Joseph R. de Armas was born in 1924 in San Antonio de los Banos, 35 kilometers southwest of central Havana, Cuba, a year before the Cuban Socialist Party was formed and a few shy of an economic depression that would set the course for de Armas’ homeland.
De Armas taught in Havana public schools, earning Ed.D. and Ph.D. degrees from the University of Havana of 1959. He left in 1961 to do post-doctoral work at the University of Cincinnati, The Ohio State University, and Columbia University.

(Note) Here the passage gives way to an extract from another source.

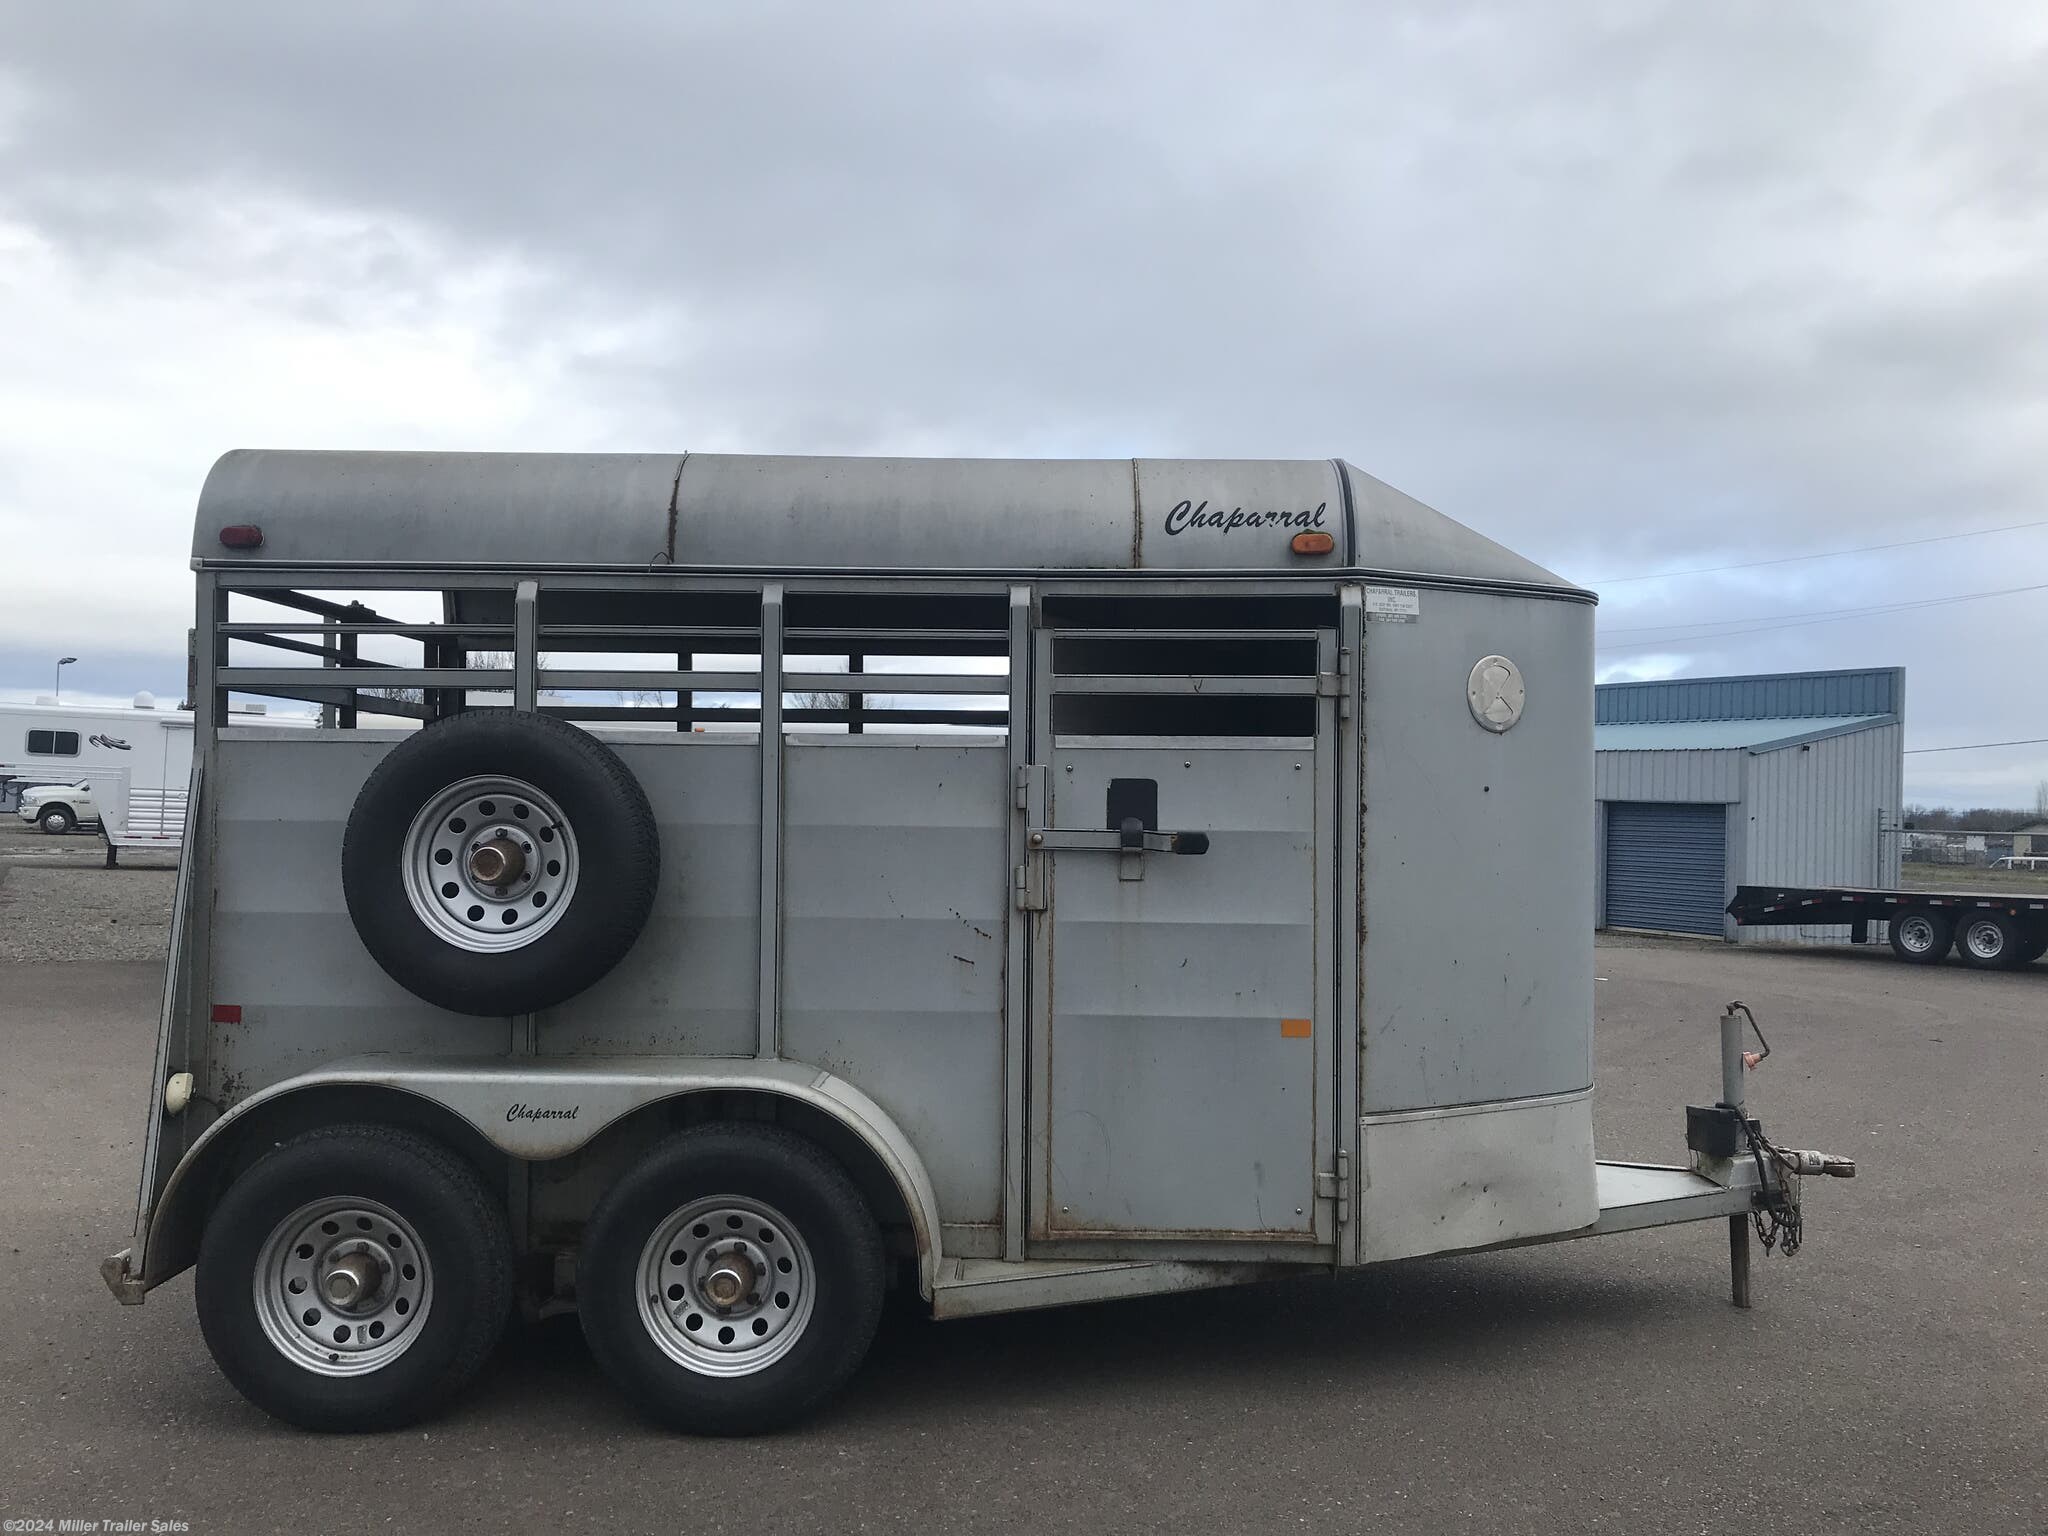 Used Livestock Trailers for Sale by Owner on Craigslist - wide 6

He had already been teaching 22 years when Denison President A. Blair Knapp appointed him an assistant professor of Spanish in 1966.
When he arrived at Denison, de Armas shared his intimate experience of Cuba with both subtlety and transparency. His study of contemporary poetry in the Spanish language, particularly works that delved into social reform, political development, and revolution, gave students the opportunity to understand and absorb another culture through the eyes of Gertrude Gómez de Avellaneda and other Cuban-born writers. And his extensive travel to places like Guatemala, Mexico, Puerto Rico, Martinique, Venezuela, and Colombia made him a sought-after guest lecturer on Latin America at Ohio colleges.
“Joseph, plain and simple, delighted in his Spanish conversation classes,” says Charles O’Keefe, professor of French, emeritus. “I still remember seeing him virtually dance off as he left his office for those classes. He had intense affection for all his students but, in the case of conversation classes, that affection was deepened by getting to know students through regular conversations about such things as ‘what’s wrong with the world, what’s your favorite movie and why, or how do you get along with your roommate?’”
De Armas became the coordinator of the Latin American Studies Program at Denison. In 1982, he served as political advisor and senator of the International Parliament for Safety and Peace, in conjunction with the United Nations. He co-authored Cuban Consciousness in Literature 1923-1974, a critical anthology of Cuban culture with Charles W. Steele in 1978. He also worked on a bilingual translation of No Eden for Women, published by Carmen Conde, in 1986. De Armas retired as professor of Modern Languages that same year.
He died October 3, 2017, in Miami, Fla., at the age of 93.